# Life on a Submarine ?



## Navy_Blue (2 Jun 2007)

Well let me say hello to all the Submerniers among us.  

It seems I have been directed out of the surface fleet and into your arms.  I am getting my pressue test next week and I am expecting to pass it.  Was thinking anyone who has some time could post some info in here.  Lets here some good points for once.  Also does anyone know when the next basic sub course starts I am being told I will be bumped to the front of the line.  Any help would be great.

Blue


----------



## QAD (12 Nov 2008)

Hi, I'm currently doing my NWT training at CFNES and some people (already) asked me if I was interested in serving on a submarine.

I tried to gather info about life onboard, but it seems very hard to get a clear picture of it. From what some guys said, its like my worst nightmares... and some other make it sounds quite challenging (without that "no f***ing way" feelling).

So, I'm asking you all, how is it ? Just tell me about the life onboard.

That would be great.

Thanks  !


----------



## Ex-Dragoon (12 Nov 2008)

Why not go down to sub squadron when you are free sometime and talk to the submariners directly? That way you get info and not opinions.


----------



## drunknsubmrnr (12 Nov 2008)

I liked it. 

Surface life is like a low-end hostel with a few people you might want really want to hang out with. At least you get to bathe every day, the cooks usually give you a choice of 3 items, and you can always get away from people if you really want to. You even have laundry. You'll have a fair amount of pusser stuff though, and have your master hookie breathe down your neck etc.

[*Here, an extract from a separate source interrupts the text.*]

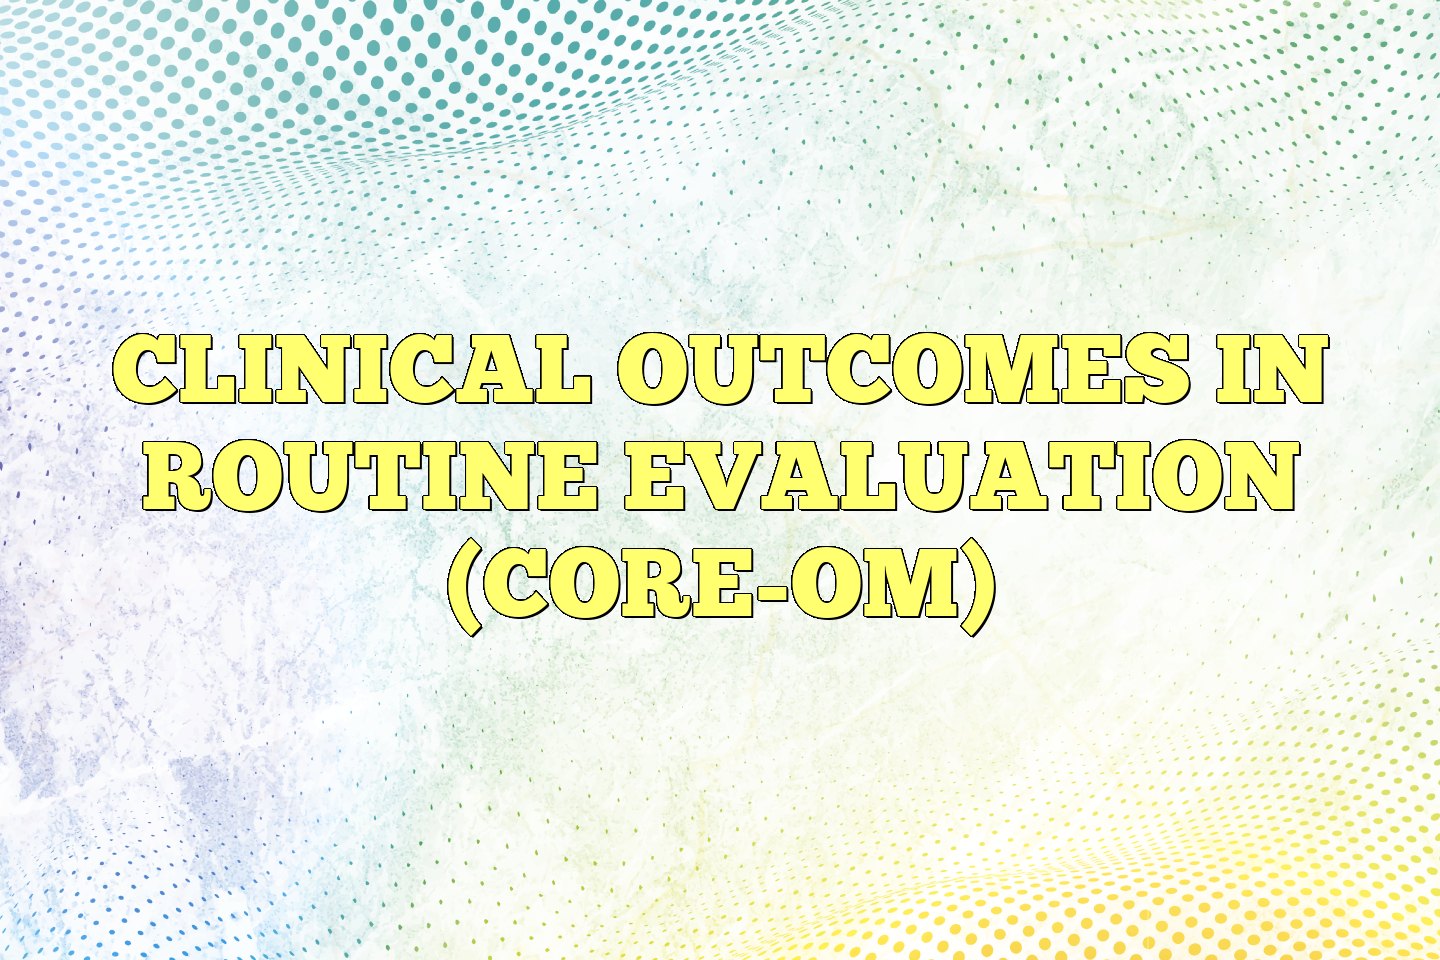 Clinical Outcomes In Routine Evaluation (CORE-OM)

Submarine life is like camping. With sociopaths. You might get to bathe (ie birdbath, not a pusser shower) once a week. You'll get a choice between 2 items at meals, and they'll either both be good, or they'll both be bad ("Omelette and Spaghetti"). You can't get away from ANYONE. And don't even think of laundry...there's no point anyway. Even if you did have laundry, it would smell just as diesel soaked as the dirty clothes. Professionally, you'll get FAR more responsibility than you'd ever get in the surface navy. And fair warning...you'll be expected to earn that responsibility. Expect a lot of sputifying.


----------



## Eye In The Sky (12 Nov 2008)

drunknsubmrnr said:
			
		

> Expect a lot of sputifying.



Ex-army, now Chairforce type here...what exactly is sputifying? (Google came up with a blank).


----------



## PMedMoe (12 Nov 2008)

SPUT - Surface Puke Under Training


----------



## Eye In The Sky (12 Nov 2008)

PMedMoe said:
			
		

> SPUT - Surface Puke Under Training



 :rofl:

I love it!


----------



## drunknsubmrnr (12 Nov 2008)

Something like that..."Surface" is close enough. In the interst of respecting the surface people's here's feelings I won't repeat it. :rules:

There's a lot of technical learning that goes into everyone's training before they get their dolphins. Prospective submariners have to learn the HP air systems, electrical systems, hydraulic systems, where all the valves/switches are, how to operate them, what to do with them during emergencies, memorising SSO's etc.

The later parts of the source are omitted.